Patched method: The same three work, as do "name.html" and
"name.html.en".  That's good.  However: so do "name.htm", "name.htm.en",
and "name.en.htm".  That may or may not be considered good.  More however:
so do "name.h", "name.h.h", "name...h.e.e..e.h.h.", and an infinite
number of similar variations.  That may not be considered good.

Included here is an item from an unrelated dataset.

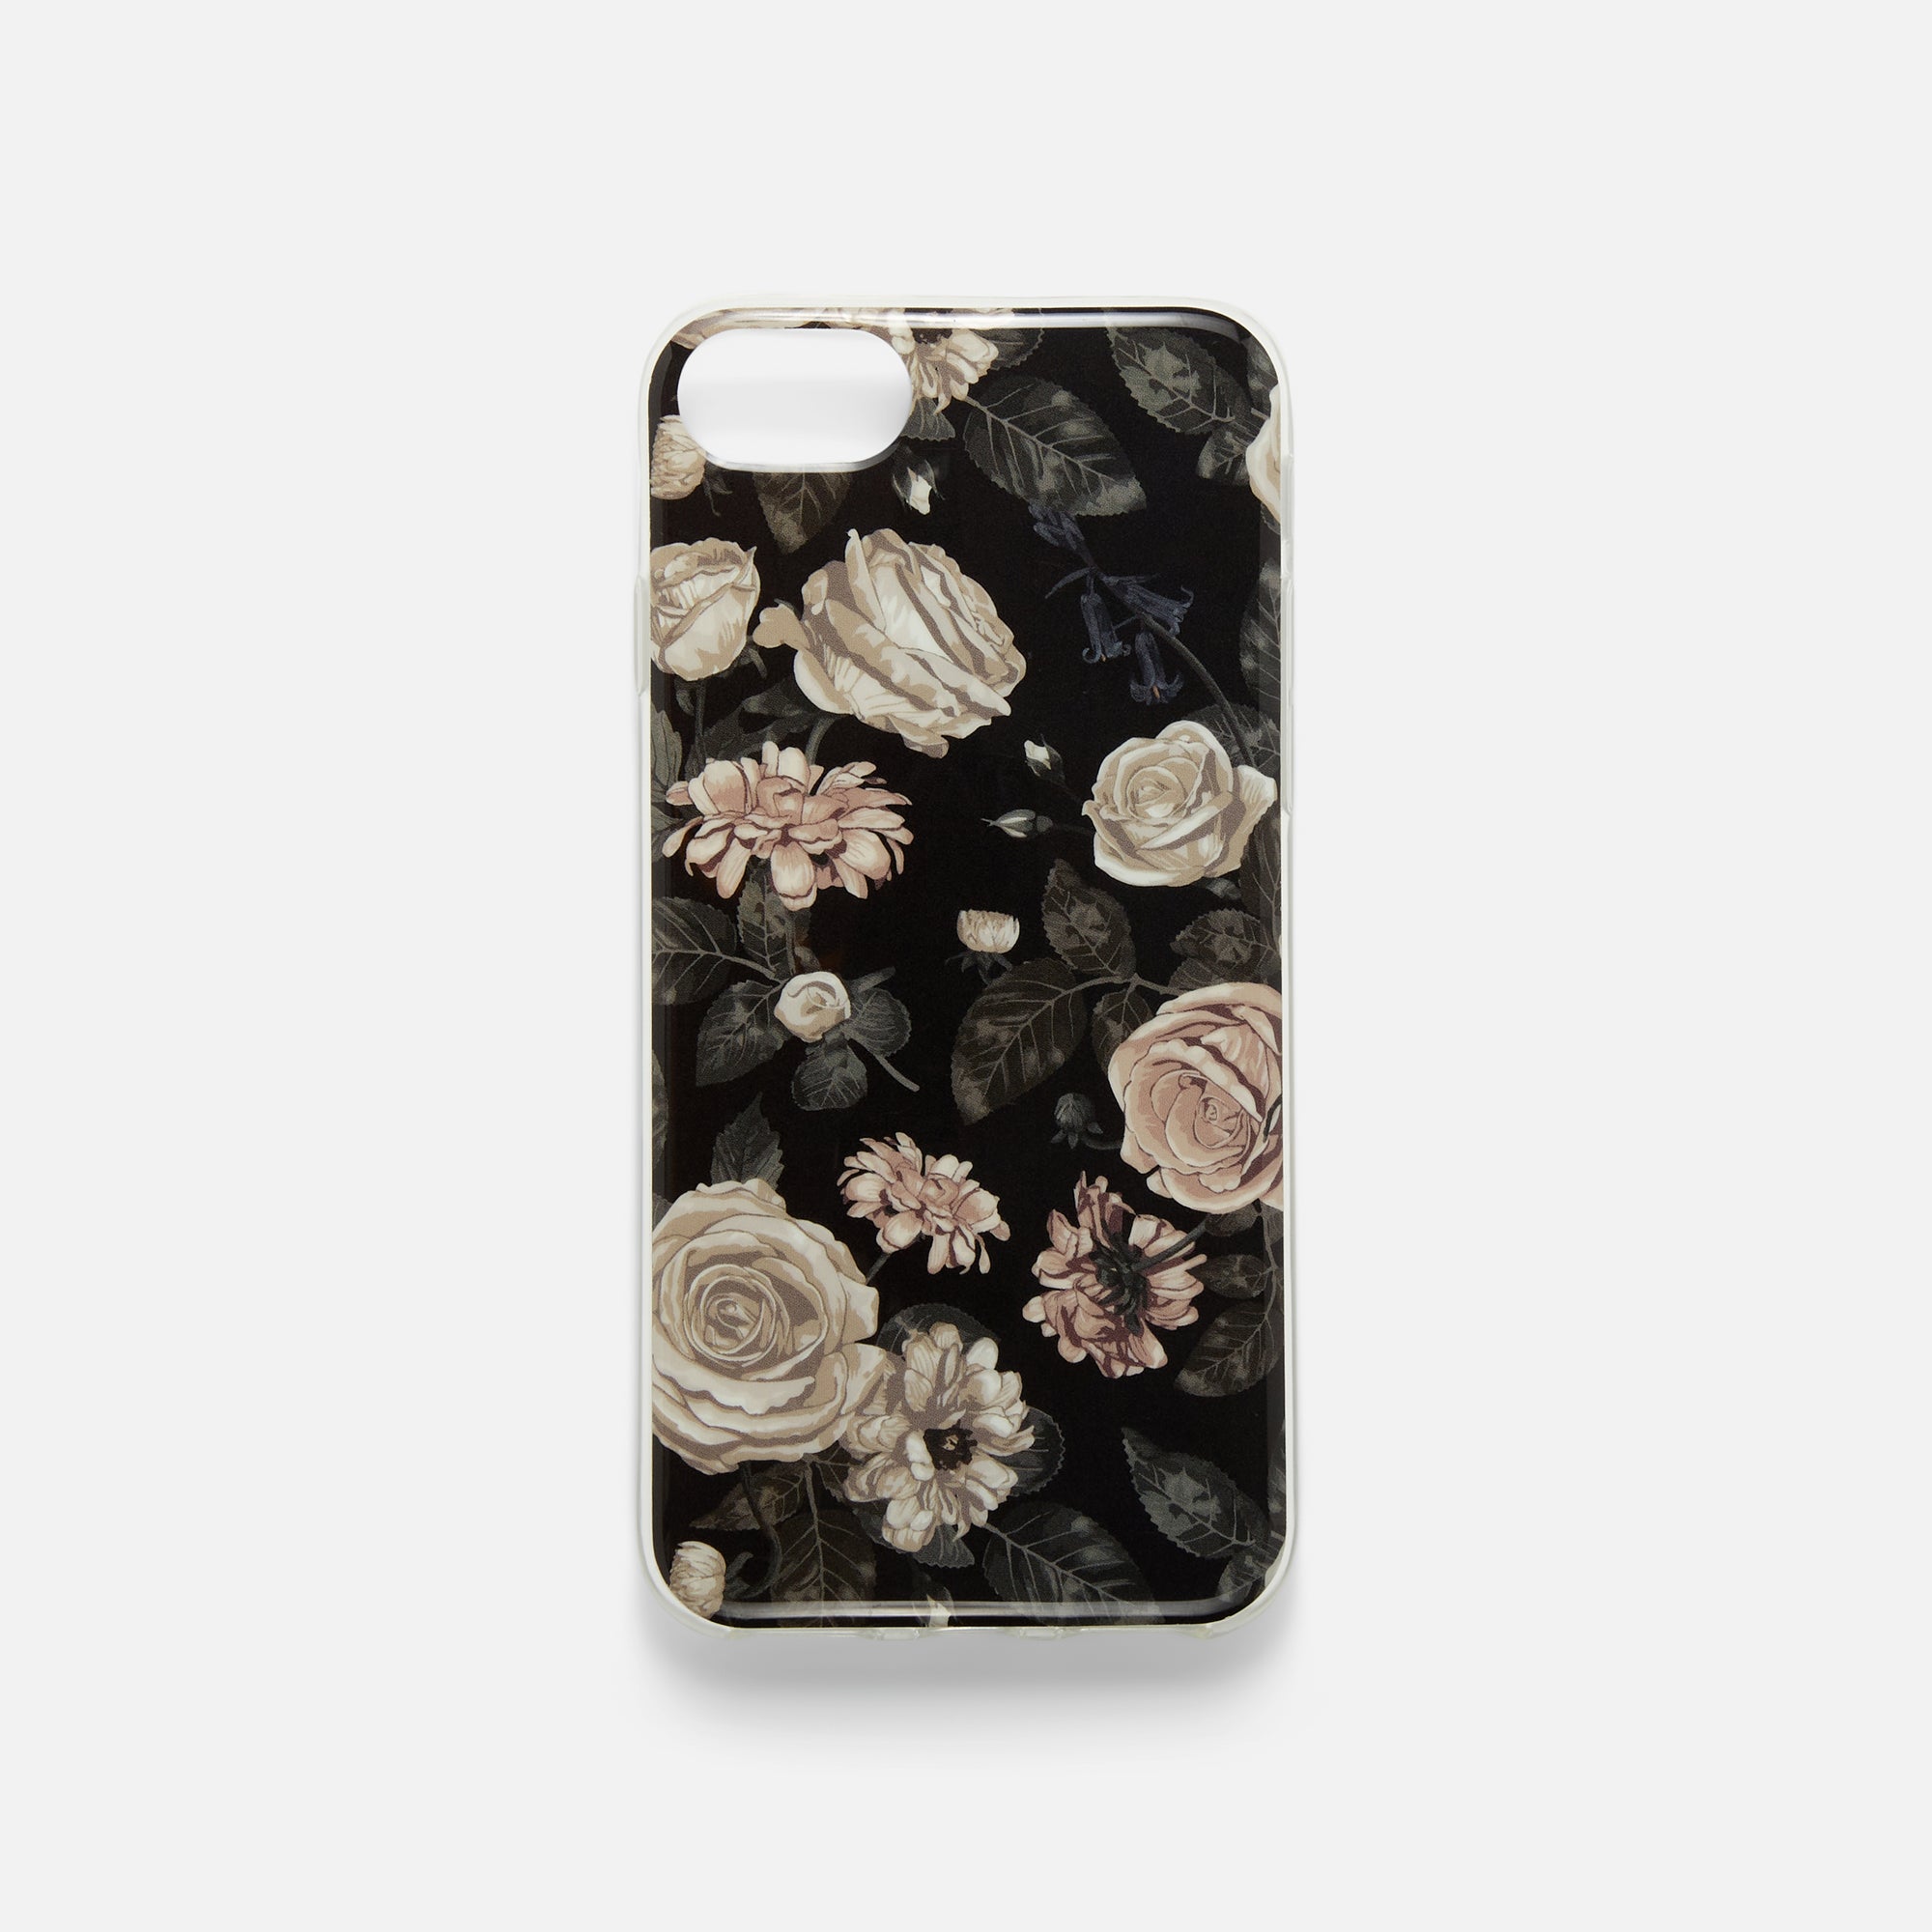 Black Iphone case with flowers

[ side note -- most of that infinitude could be eliminated, if desired,
by (for example) checking that the length of r->filename (prefix_len, in
the code) is not more than the length of dirent.name, immediately before
the while loop which looks for dots in filp.  I would consider that an
enhancement to, rather than an integral part of, the patch, so didn't
include it here.  Opinions may differ ]

In each case, the content is returned with a Content-Location: header
indicating the canonical filename.

The requirements are (1)r->filename up to the first dot must match the
real filename up to the first dot; (2)each .suffix in r->filename must
exist (string match) in the real filename; (3)the real filename must
correspond to a known mime-type, encoding, etc -- which I think means
that the final suffix must be known, and only suffixes followed by known
suffixes are considered.

As a real example, testing with the apache "It worked!" page (named
index.html.LANG), if I request index.html.fr, I get the page back.
If I request index.fr.html, or just index.fr, I get back the 406 Not
Acceptable page, with a link to index.html.fr, _unless_ I include fr
as an acceptable language.  That's PR6282, which is mentioned but not
addressed in this patch.  If I include fr as a language, I can request
/index.fr, /index.fr.html, or /index.html.fr successfully.  If I include
fr as my preferred language, I can additionally request /, /index, and
/index.html.  (As well as the .h, .ht, .htm, .f variants referred to
earlier).  If I request /index.d, I get a 406 with links to index.html.de
and index.html.dk

As a faked example, consider five files in the DocumentRoot, with no
special customisations to the (MIME) configuration:

files a.b.c, d.e.html, g.h.i.j.k.en, m.n.o.p.q.html, s.t.html.u.v

The following requests have the indicated results:

GET /a            -> not found
GET /a.b          -> not found
GET /a.c          -> not found
GET /a.b.c        -> success
GET /d            -> success
GET /d.e          -> success
GET /d.h          -> success
GET /d.html       -> success
GET /d....html    -> success
GET /g            -> not found
GET /g.h          -> not found
GET /g.h.i.j.k    -> not found
GET /g.h.i.j.k.en -> success
GET /g.h.i.k.j.en -> not found
GET /m            -> success
GET /m.html       -> success
GET /m.o.q.p.n    -> success
GET /m.o.r.p.n    -> not found
GET /s.t.html.u.v -> success
GET /s            -> not found
GET /s.t.html.u   -> not found

note that in the "not found" cases there (except for /m.o.r.p.n), the
patched code does pass the file down as being potentially valid --
it's later code which decides that it doesn't know how to treat the
final suffix, and fails it.

As another faked example, with files ..d.f.html and .e.txt, I can
successfully issue GETs for /.d, /.f, /.h, /.e and /.t, as well as
things like /....t. (whether or not the final . there is punctuation). 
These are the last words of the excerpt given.